Jackie, Elias, Liv en Alexander interviewen Barbara Forsten die opgroeide in Finland. De leerlingen van de Bosschool in Bergen komen terecht in een heerlijk licht huis en worden wel heel enthousiast ontvangen door de hond… De kinderen nemen plaats aan de lange tafel en beginnen meteen aan de ranja en alle koekjes die op tafel liggen.

Waar komt uw familie vandaan?
‘Mijn familie komt oorspronkelijk uit Duitsland. Lang geleden zijn ze naar Sint-Petersburg verhuisd in Rusland. Daar was een grote Duitse enclave. Toen er in 1917 een revolutie uitbrak in Rusland zijn ze gevlucht naar Finland.

Mijn moeder is geboren in Finland. Maar toen de Tweede Wereldoorlog uitbrak vielen de Russen Finland binnen en moesten zij en mijn grootouders vluchten naar een ander deel in Finland. Mijn moeder sprak er niet graag over en ging niet graag terug naar dat deel van Finland vanwege de herinneringen. Ik voelde dat er bij mijn moeder altijd een angst was dat er weer wat zou gebeuren

Mijn moeder werkte tijdens de oorlog bij het vrouwenkorps en mijn vader was piloot en bombardeerde Rusland. Finland was een vrij land; hij vocht voor de vrijheid.’
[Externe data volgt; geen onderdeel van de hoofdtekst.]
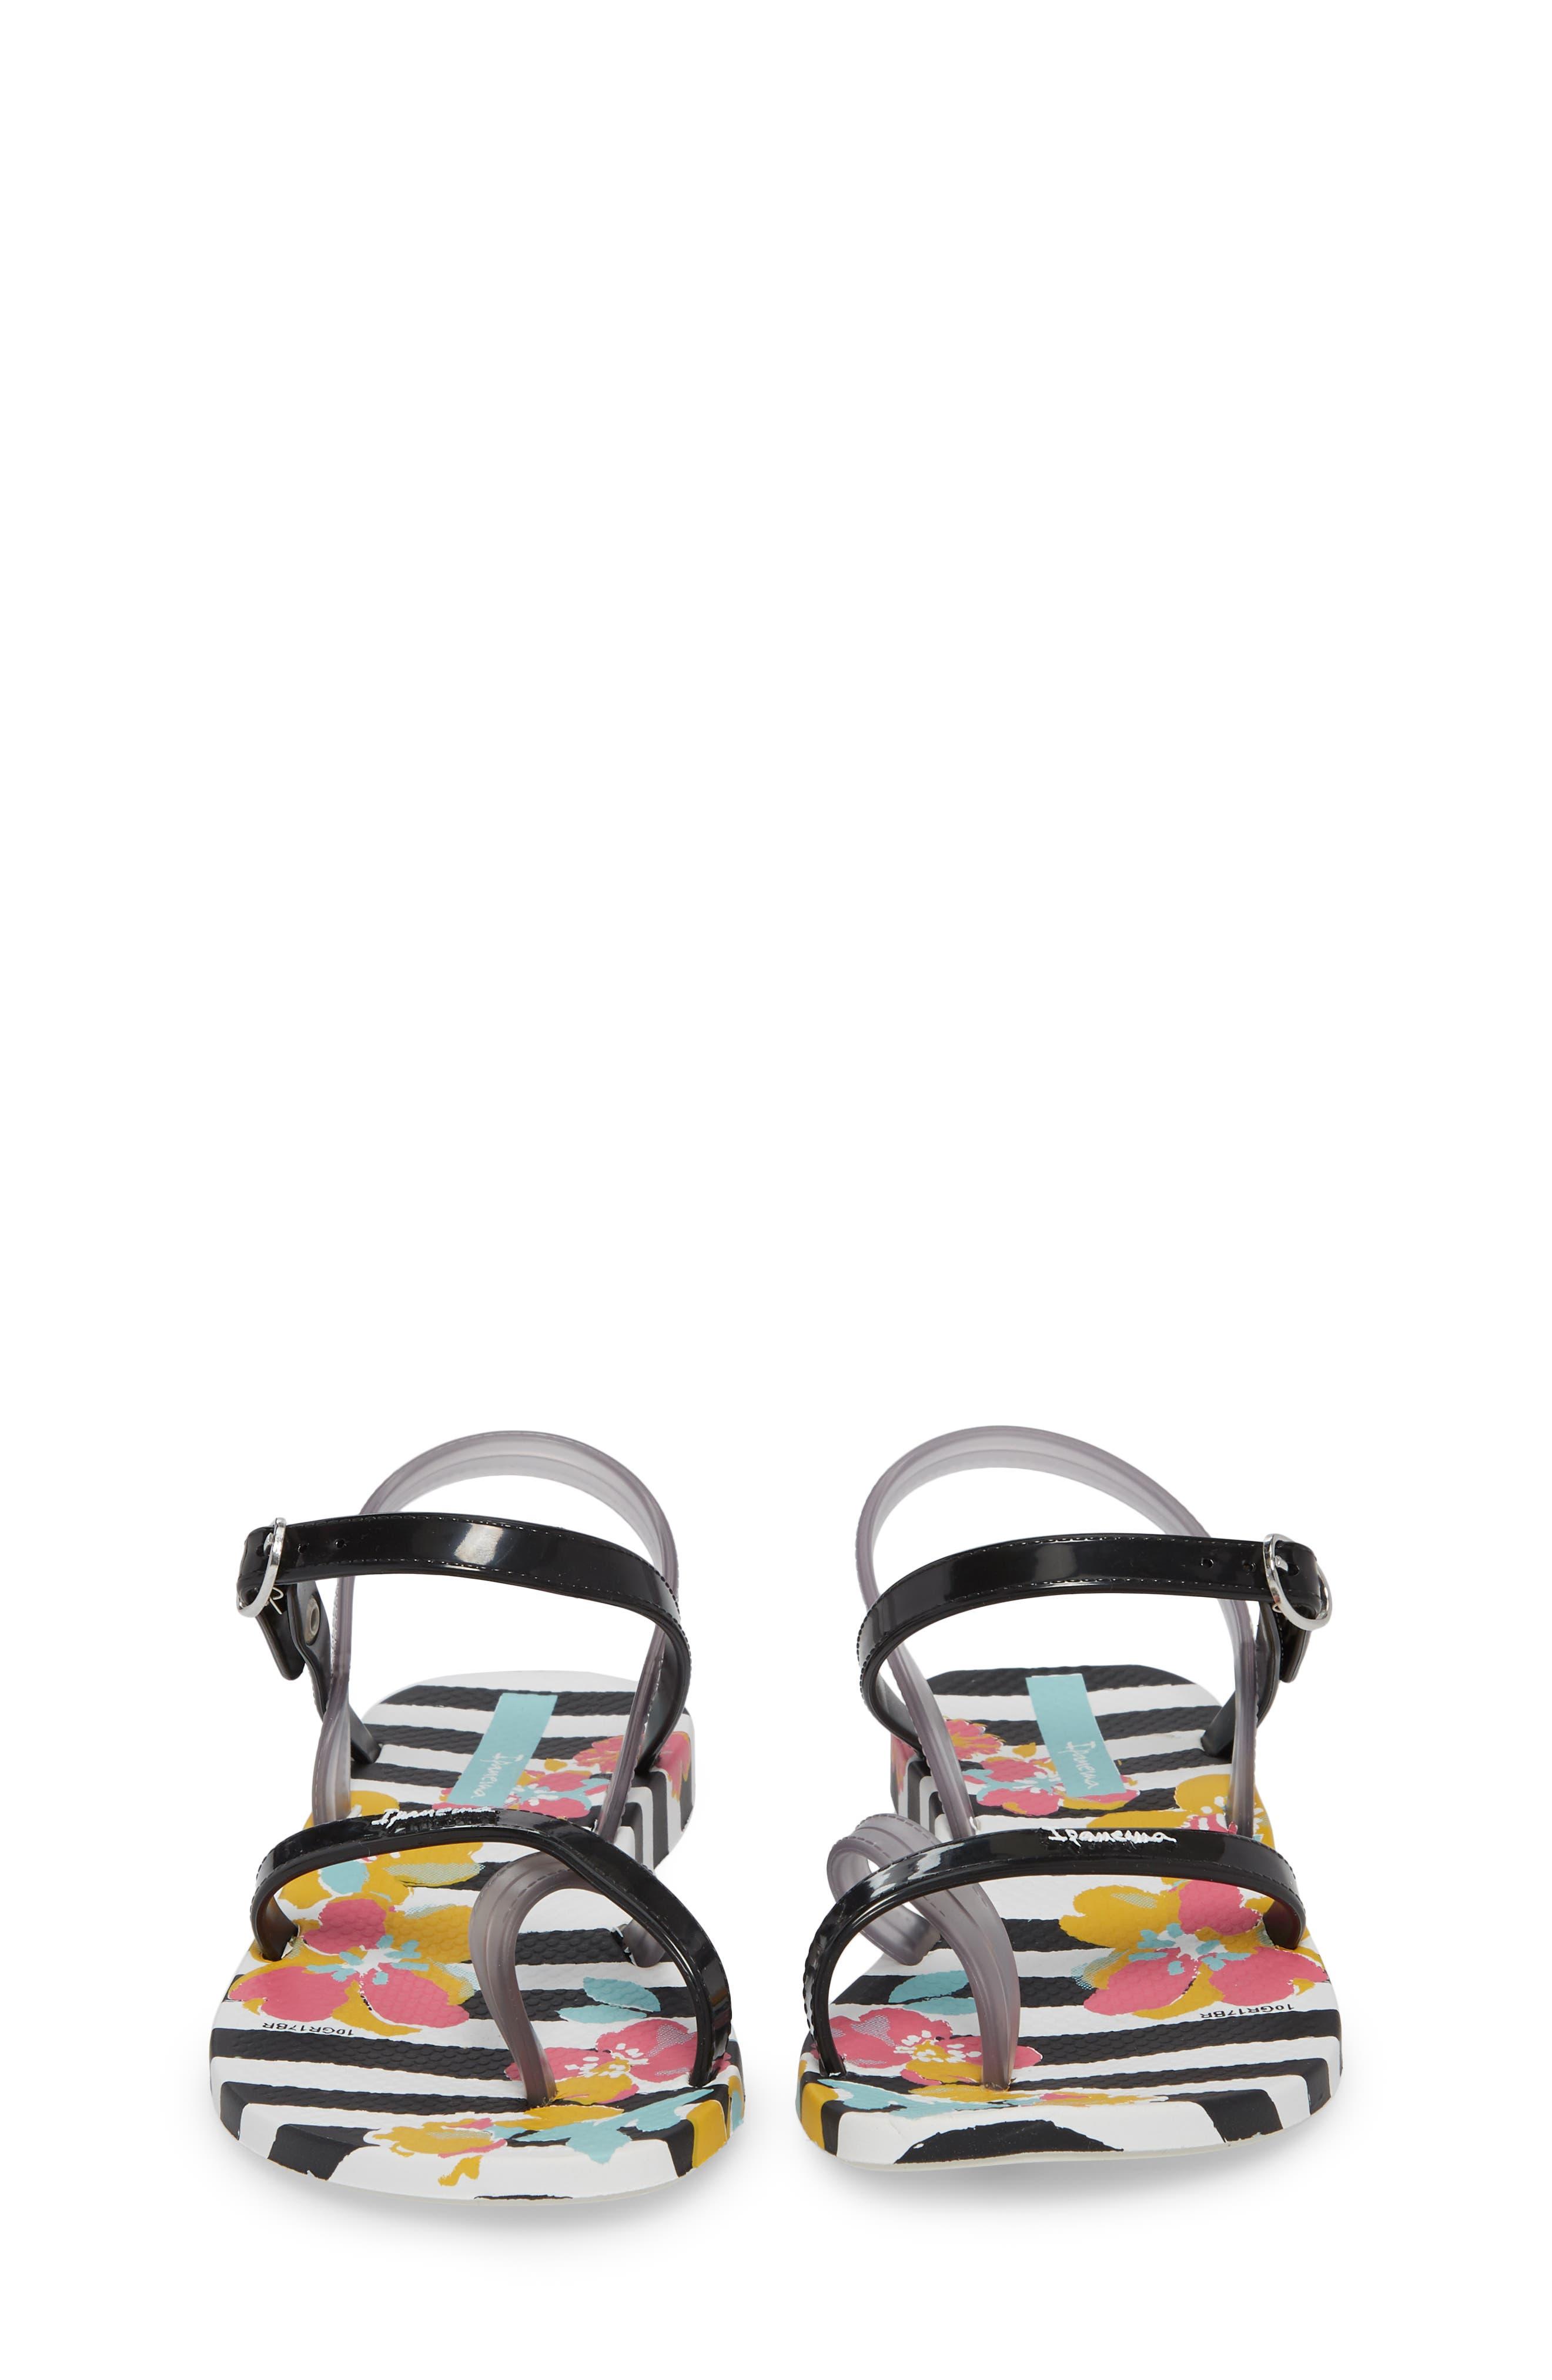 Toe Loop Sandal,                             Alternate thumbnail 5, color,                             White/ Black
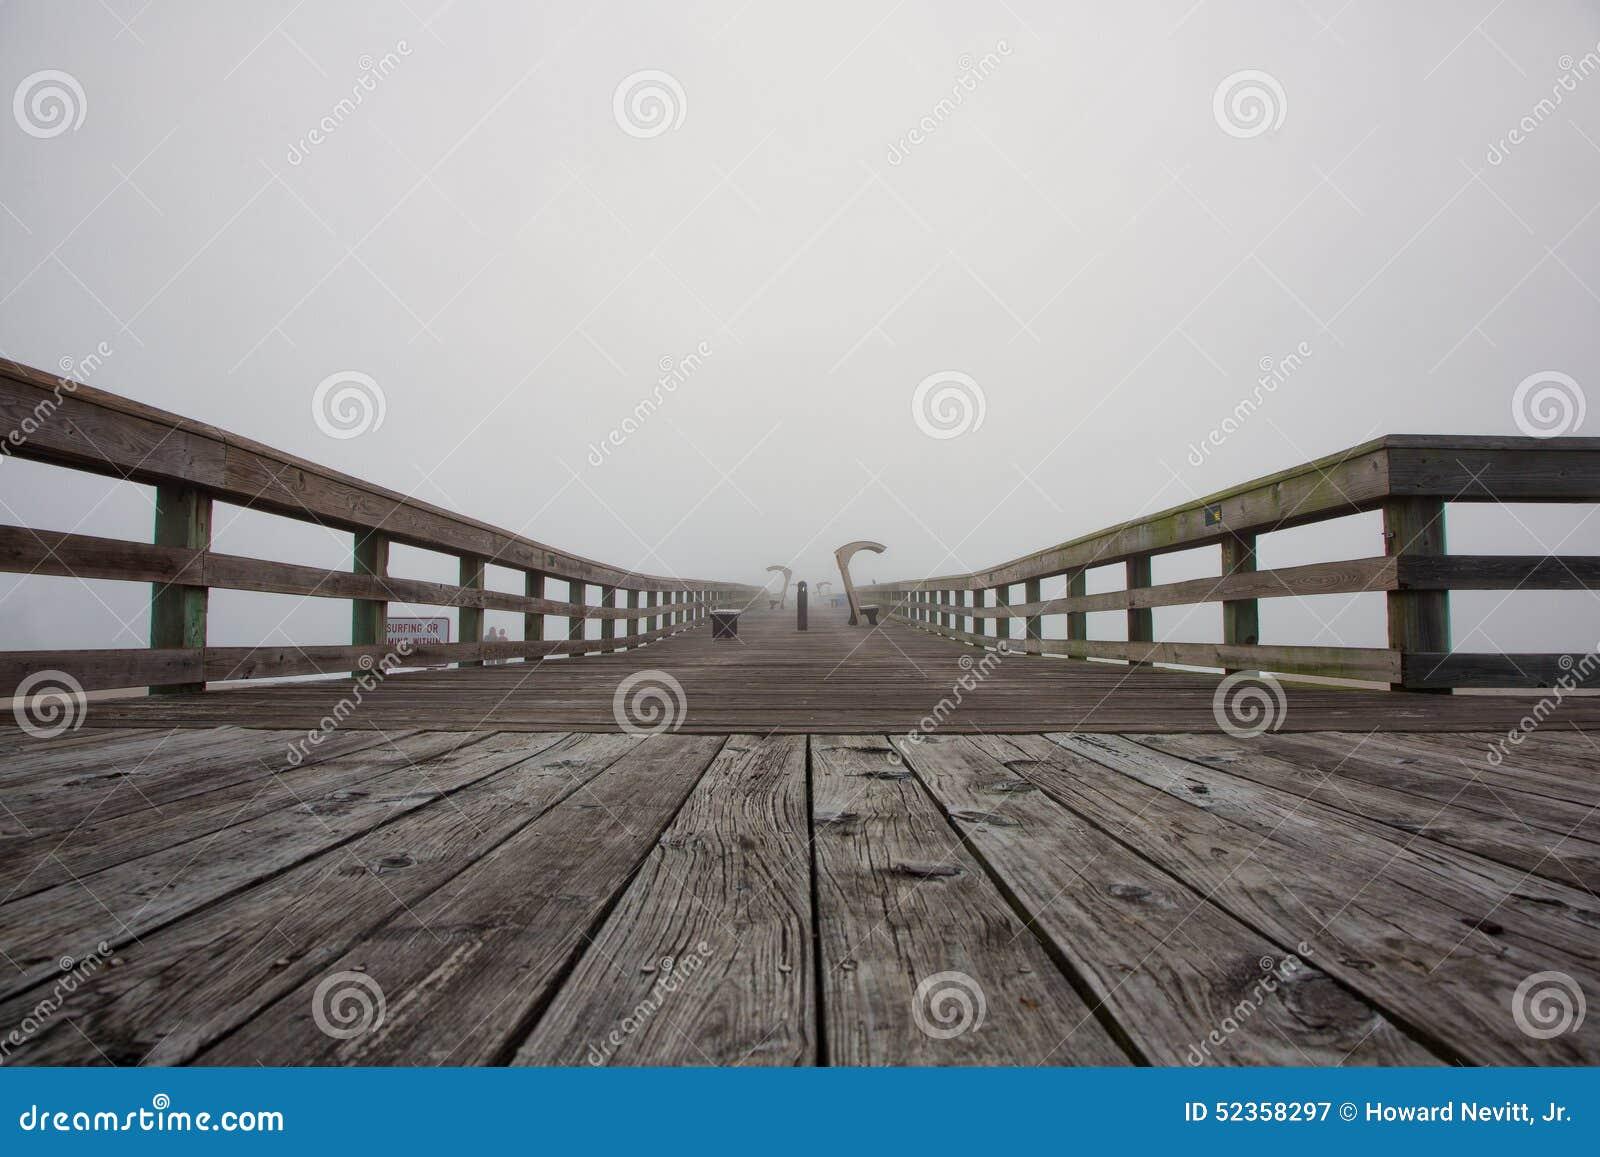 Foggy morning sunrise at pier.

Hoe was Finland om te wonen?
‘Finland is een mooi land. Het is het land van de duizend meren. We hebben daar drie maanden zomervakantie; heel anders, en heel groot. Als we ergens een volleybalwedstrijd hadden moesten we heel ver rijden en daarom moesten we daar dan ook vaak overnachten. En op onze sportdag gingen we skiën; dan ging ik op de ski’s naar school; echt een heel ander leven.’

Waarom bent u naar Nederland gegaan?
‘Ik ontmoette een leuke Nederlandse man en werd verliefd op hem. Omdat hij als beroepsmilitair werkte voor de Navo en Finland in die tijd nog niet bij de Navo hoorde, kon hij niet in Finland werken. Ik ben fysiotherapeut en kon in Nederland gemakkelijk werken. En als je iemand heel erg liefhebt, dan ga je mee.’

Hoe was het om in Nederland aan te komen?
‘Heel spannend. Ik sprak de taal niet en kende nog geen mensen. Ik was 22 jaar en ging bij mijn schoonouders inwonen. Ik was een heel ander leven gewend. Ineens kwam ik in een ander gezin terecht en begon een heel nieuw leven. Ik leerde mensen kennen door te gaan volleyballen, te starten met werk en via hobby’s, zo maakte ik vrienden. De Nederlandse taal leerde ik via scrabbelen. Dat ging heel snel.

Het is heel belangrijk om de taal van een land te leren, dat is de basis, via taal communiceer je en leer je elkaar begrijpen. Wat ik hier wel ervaar is dat er in Finland meer vrijheid was, dat voel ik hier minder, hier zijn veel meer regels.’

Mist u Finland en gaat u nog wel eens terug?
‘Vroeger vierde ik daar kerst met mijn familie, maar toen mijn ouders en mijn zus overleden, maakt het me te verdrietig om daarheen terug te gaan omdat ik daar geen thuis meer had.’

Erfgoeddrager: Elias

‘Langs de weg zag ik mensen die van de honger niet konden staan’

De 94-jarige Annie Stoop wordt geïnterviewd door Bosschoolleerlingen Ollie, Elias, Jackie en Roman. Ze was elf toen de oorlog begon en woonde toen aan de Stroomerlaan, op de hoek van de Loudelsweg in Bergen.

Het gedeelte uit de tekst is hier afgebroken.